EXERCISE INPUTS –
——

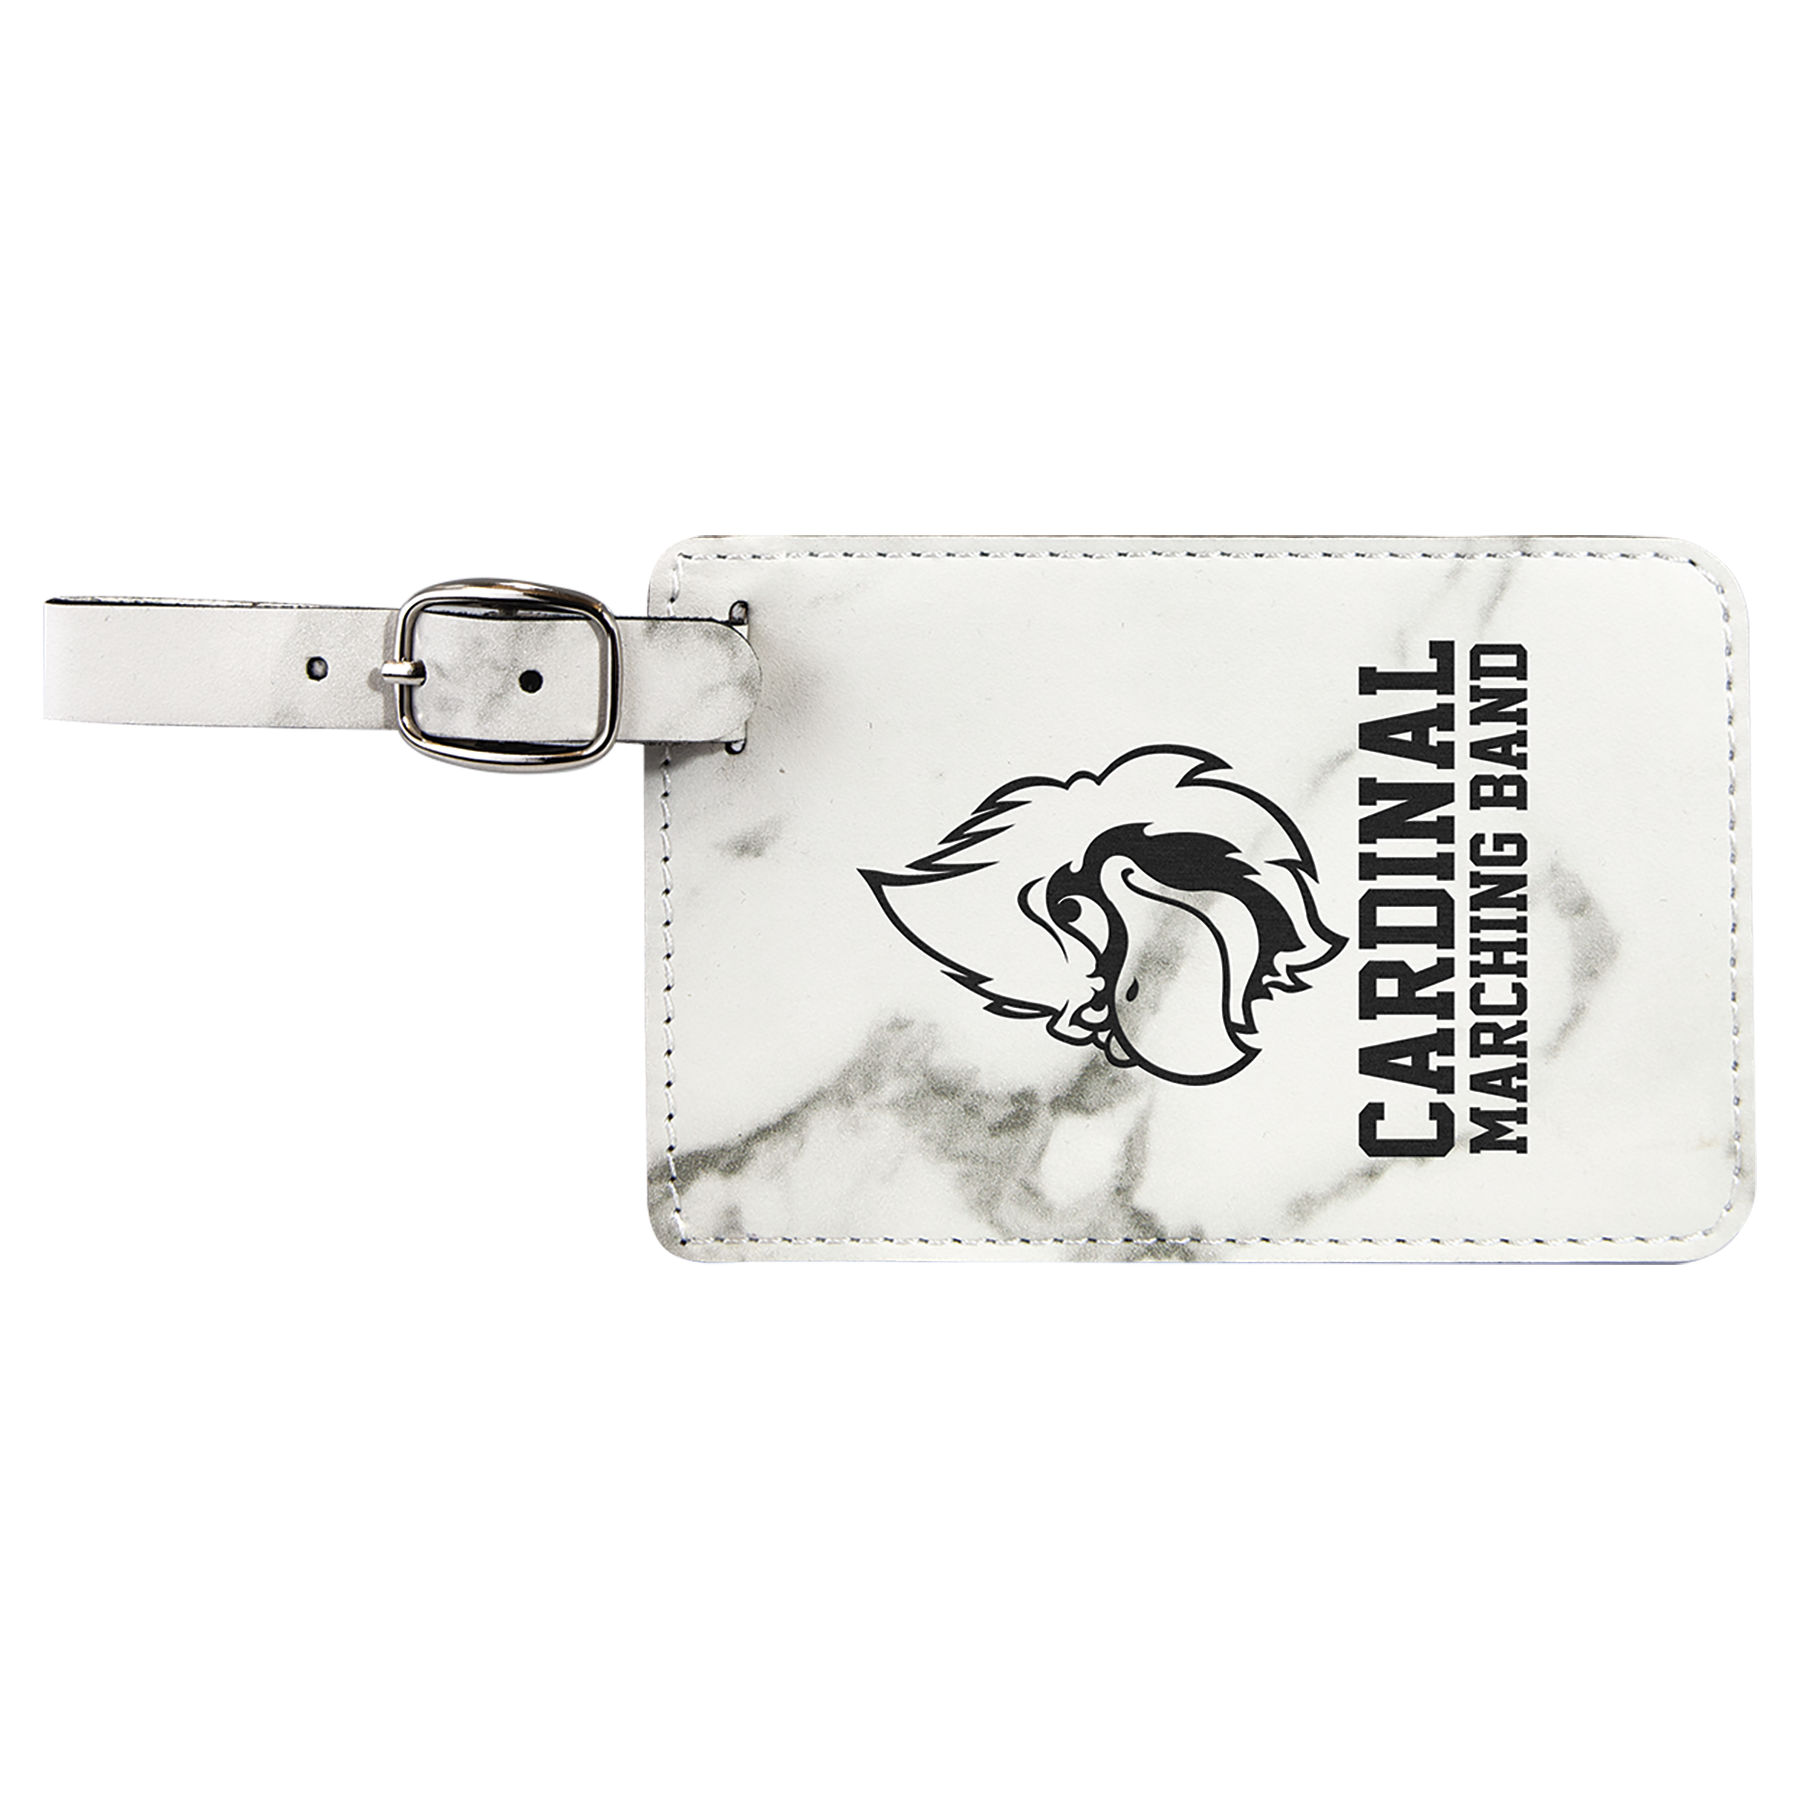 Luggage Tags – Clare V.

——

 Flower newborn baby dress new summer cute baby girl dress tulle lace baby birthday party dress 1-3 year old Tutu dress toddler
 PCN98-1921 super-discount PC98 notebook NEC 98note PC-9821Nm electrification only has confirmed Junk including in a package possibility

——

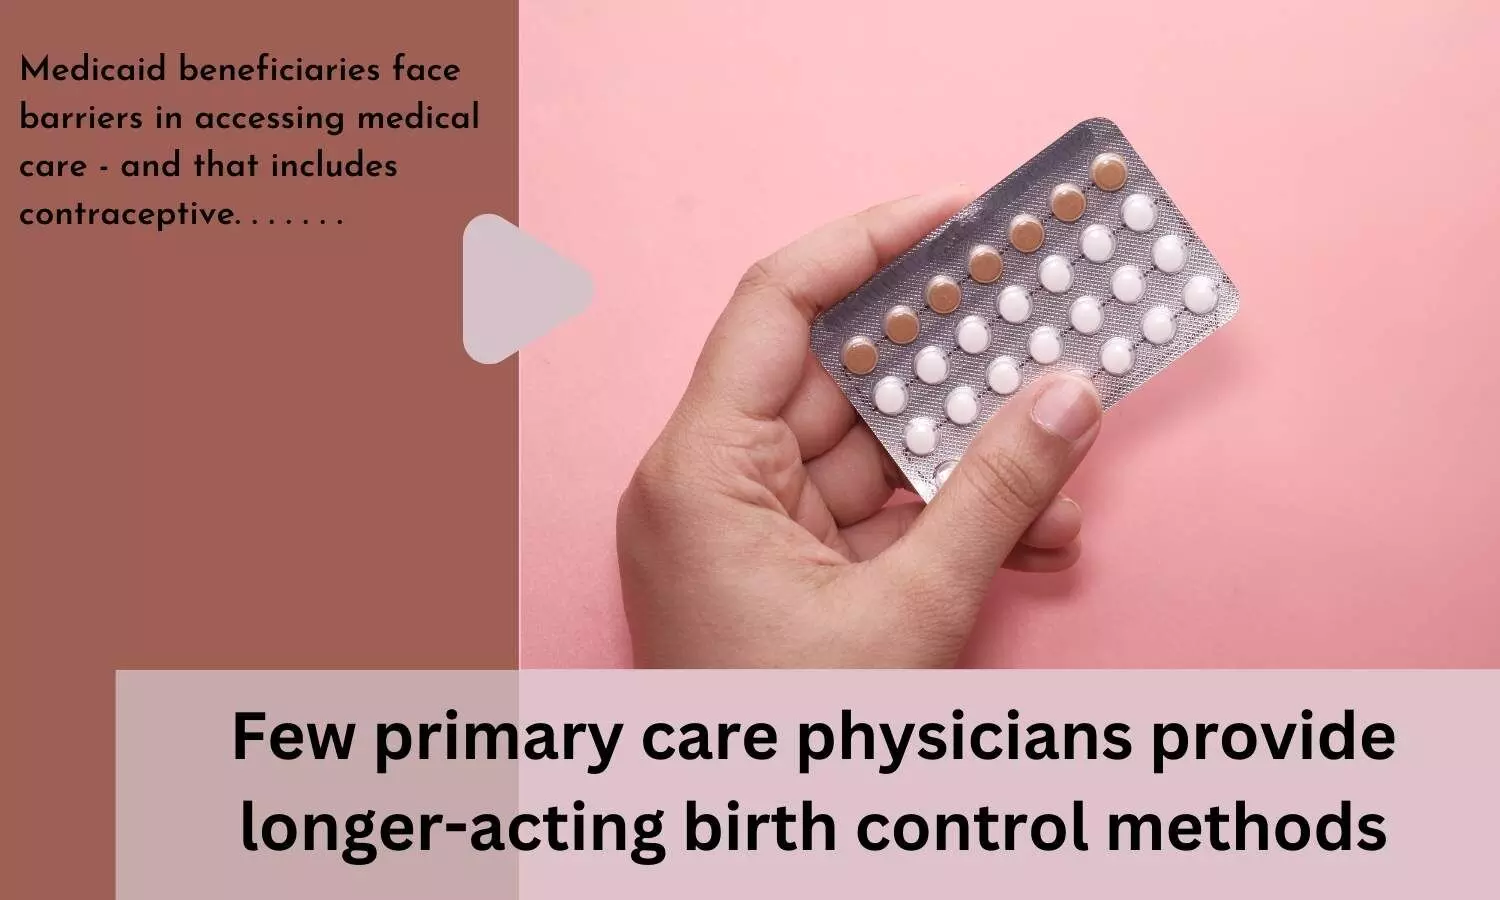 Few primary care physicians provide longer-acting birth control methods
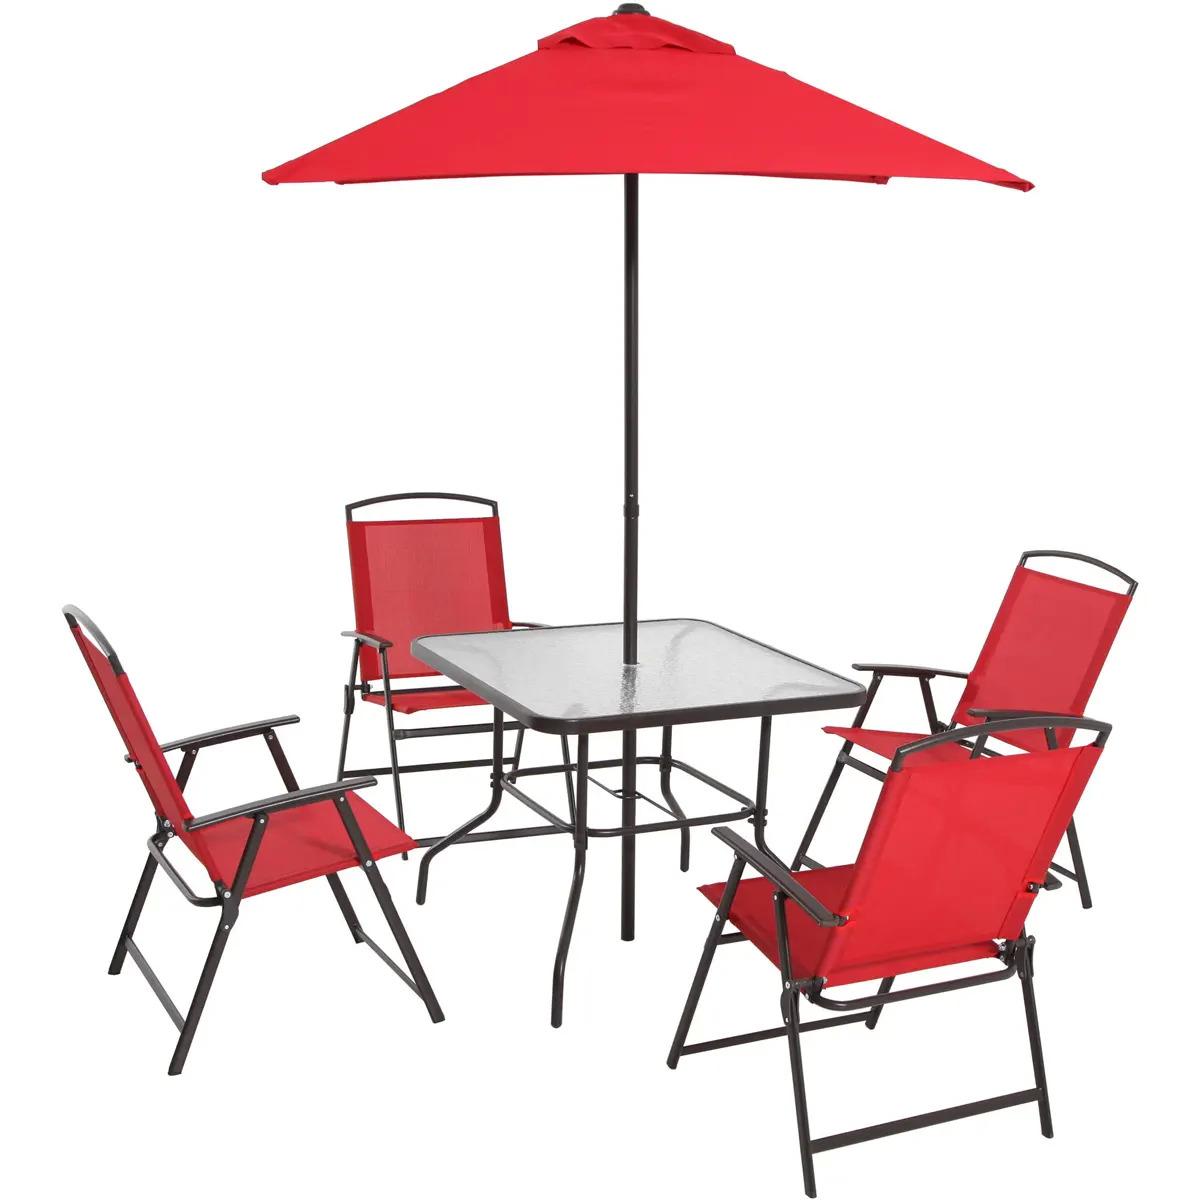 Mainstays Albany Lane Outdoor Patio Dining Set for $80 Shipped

——

WORK REQUEST – Reproduce exactly the lines above that run from the one with "Few primary care" to the one with "Mainstays Albany Lane", both included, leaving pictures out.

WRITTEN SOLUTION –
 Few primary care physicians provide longer-acting birth control methods
 Mainstays Albany Lane Outdoor Patio Dining Set for $80 Shipped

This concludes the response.